Students decry downsides of UTA contract


    By Stacey Wismer

    Student drivers will have a new reason to ride the bus in the fall with the price of parking permits increasing by three times.

    The renewal of BYU”s contract with the Utah Transit Authority creates mixed reactions, as the increase in parking permits, from $15 to $60, will compensate for free bus rides.

    “The people using the bus should pay for it, instead of passing it on to the other extreme,” said Aaron Pacini, 23, majoring in business management from Salt Lake City, Salt Lake County.

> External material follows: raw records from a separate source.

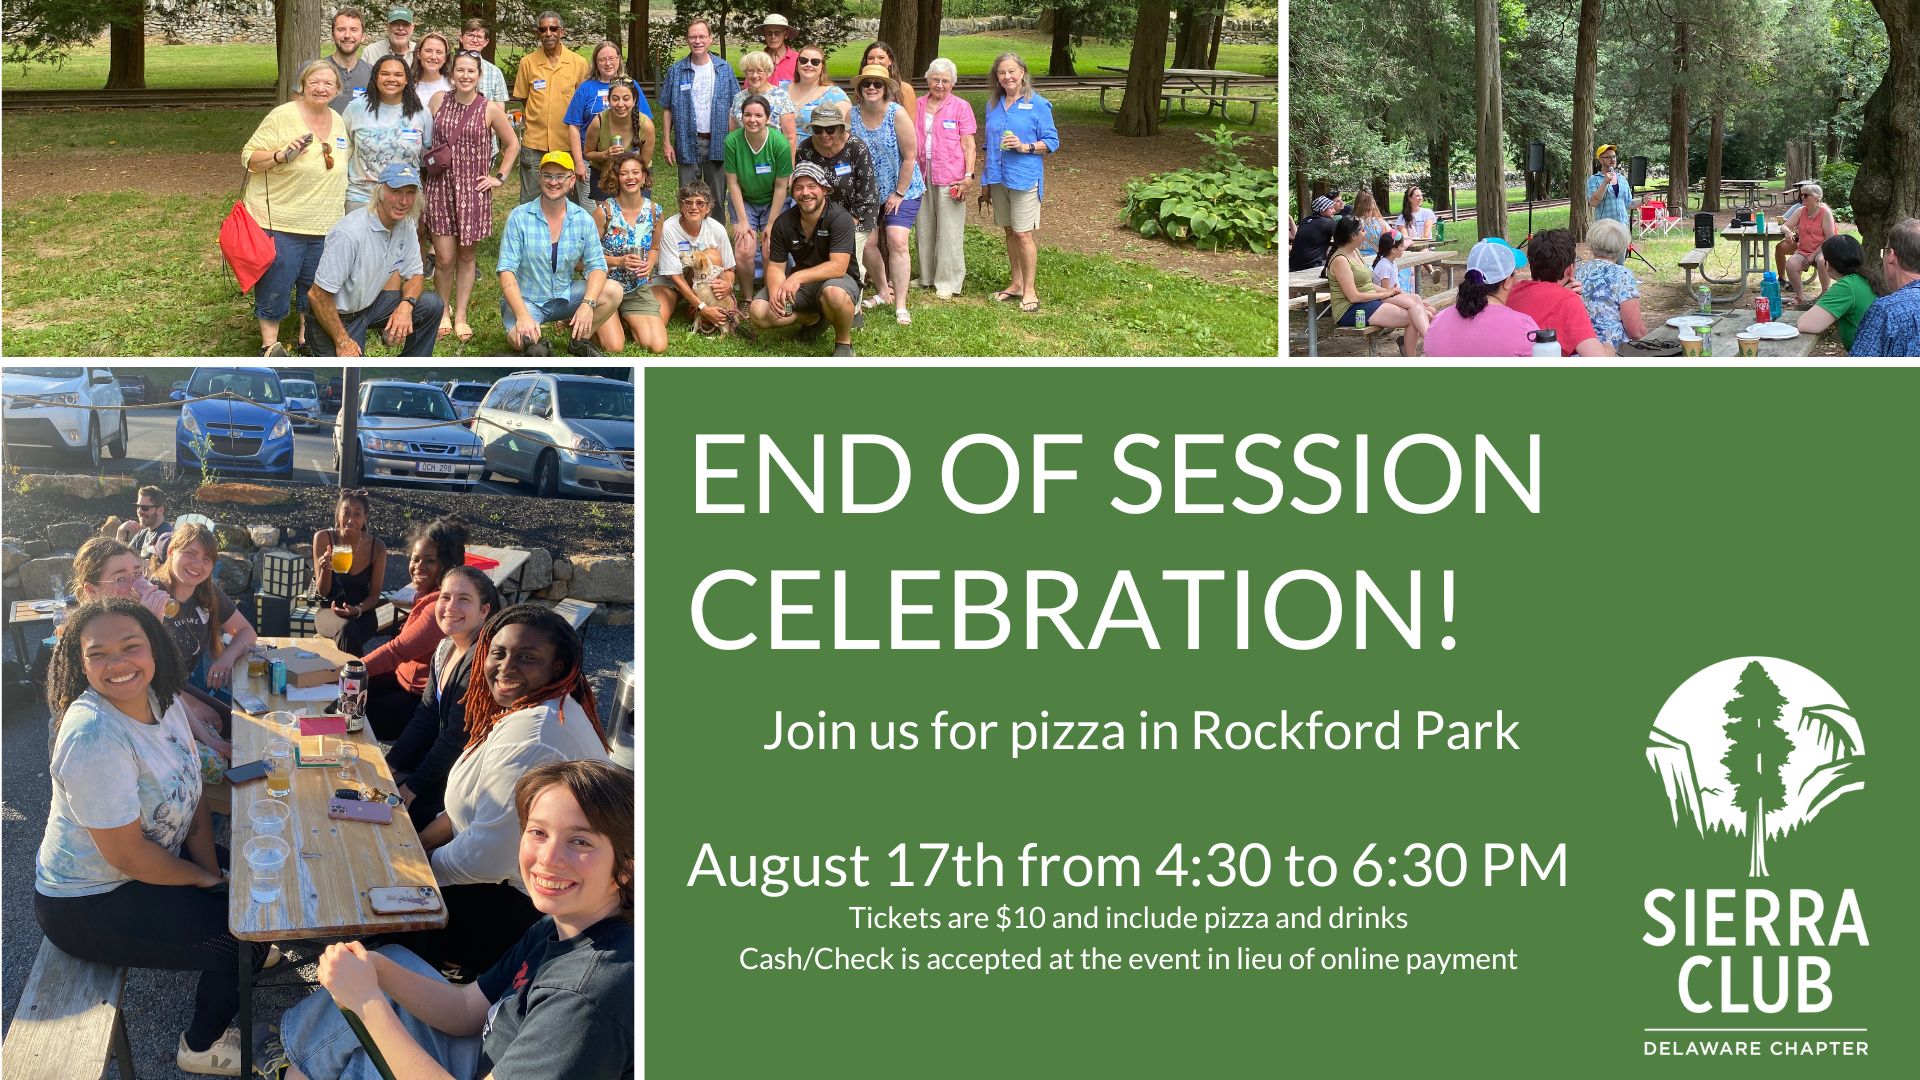 end of session celebration at rockford park on August 17th at 4:30 PM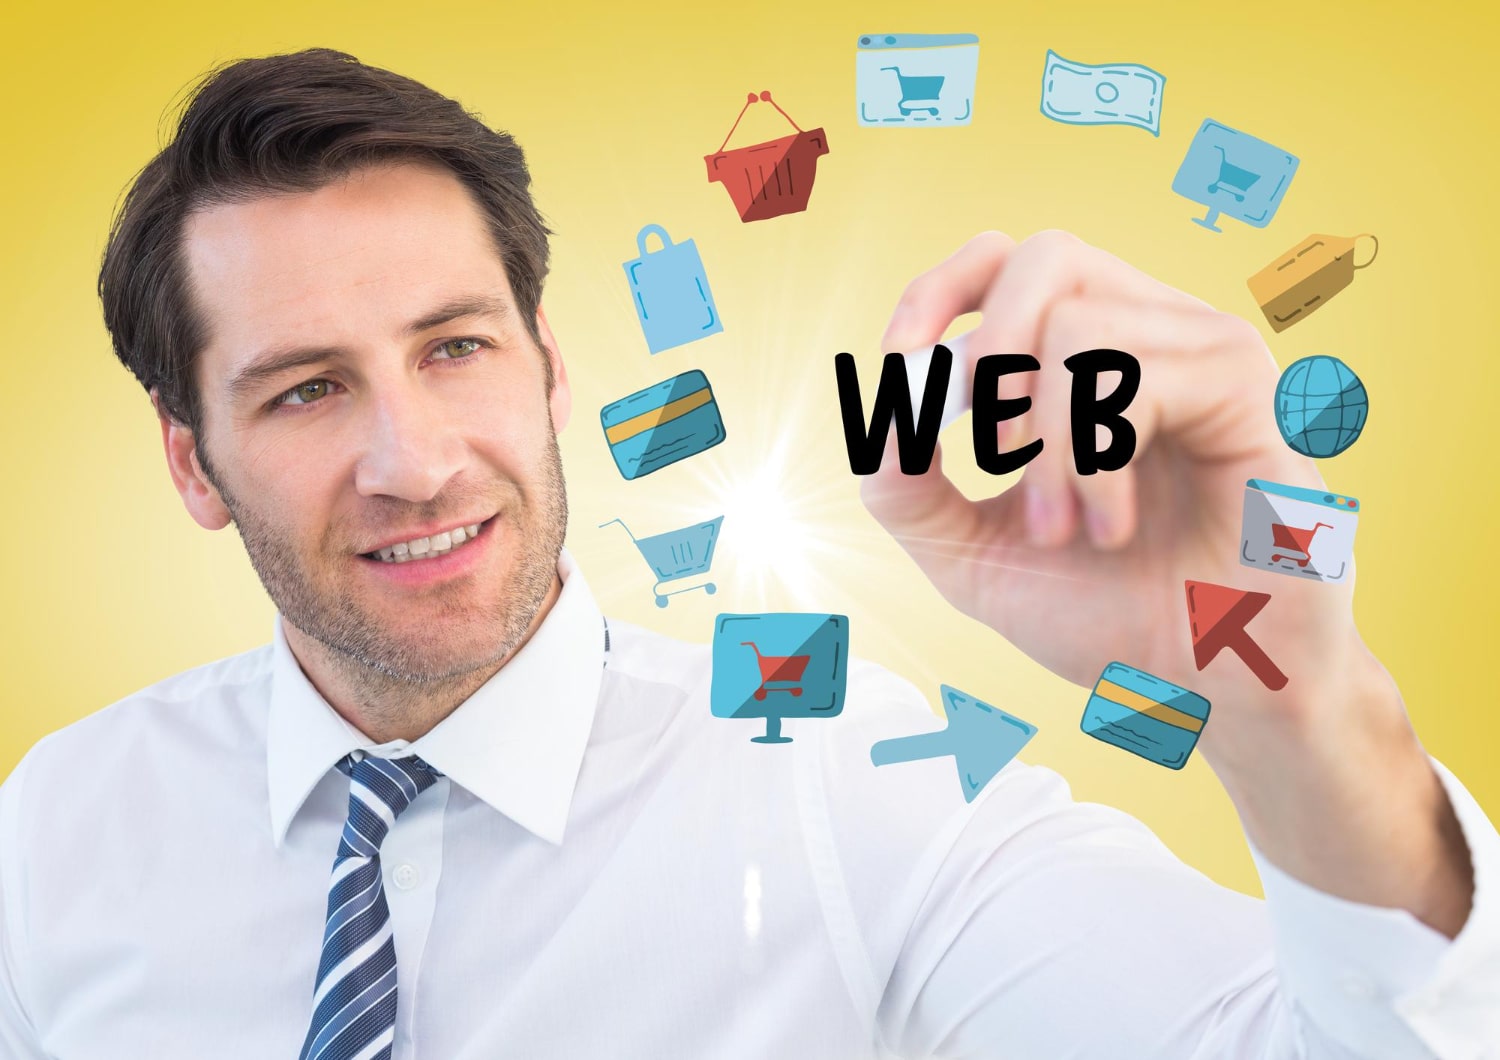 For small businesses, having a website is even more crucial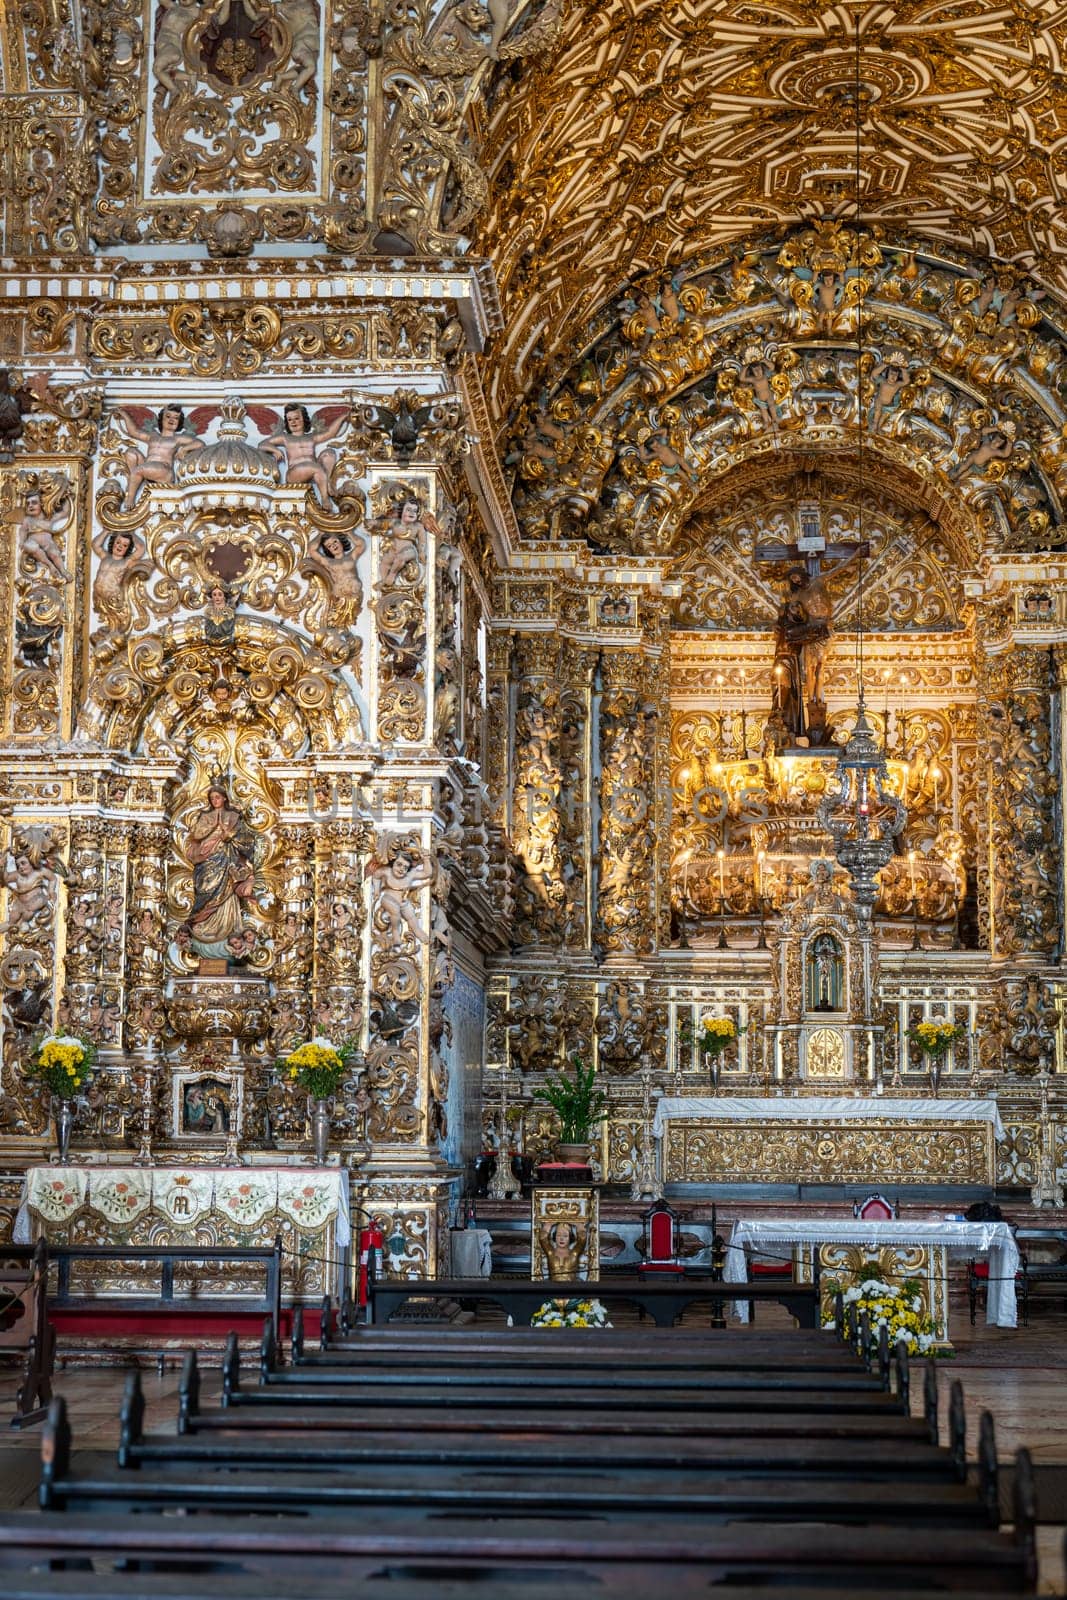 Baroque altar with gold leaf and wood carvings in a historic church.

    However, even with an increase in parking fees, the majority of students were in favor of continuing the free bus service, according to an online survey and many other discussions, said Carri Jenkins, assistant to the president for University Communications.

    “The survey was sent to every student, and every student had an opportunity to respond,” she said.

    Pacini said the survey was a misrepresentation of the student population. “If I see a UTA survey on my e-mail, I just delete it,” said Pacini, assuming that the e-mail did not concern him.

    The people who took the survey use the bus service, suggesting that they don”t have cars, and therefore they don”t care if there is an increase in parking fees, he said.

    Many students who ride the bus don”t seem to mind that UTA”s compensation will come from their fellow student drivers.

    “It doesn”t bother me, I don”t have a car,” said Robyn Hoover, 20, majoring in elementary education, from Frederick, Md. “If you”re going to have a car, you might as well pay the extra.”

    Some students suggested that there will be less congestion on the roads. However, many students who buy parking permits don”t drive to school, but must use the permits to park at their own apartment complex.

    “What about the people like us that don”t commute to school?” said Megan Richardson, 19, a sophomore majoring in health sciences, from Ogden, Weber County.

    Because of the limited number of parking spaces at Richardson”s complex, her roommates park at the Y lot next to their apartments.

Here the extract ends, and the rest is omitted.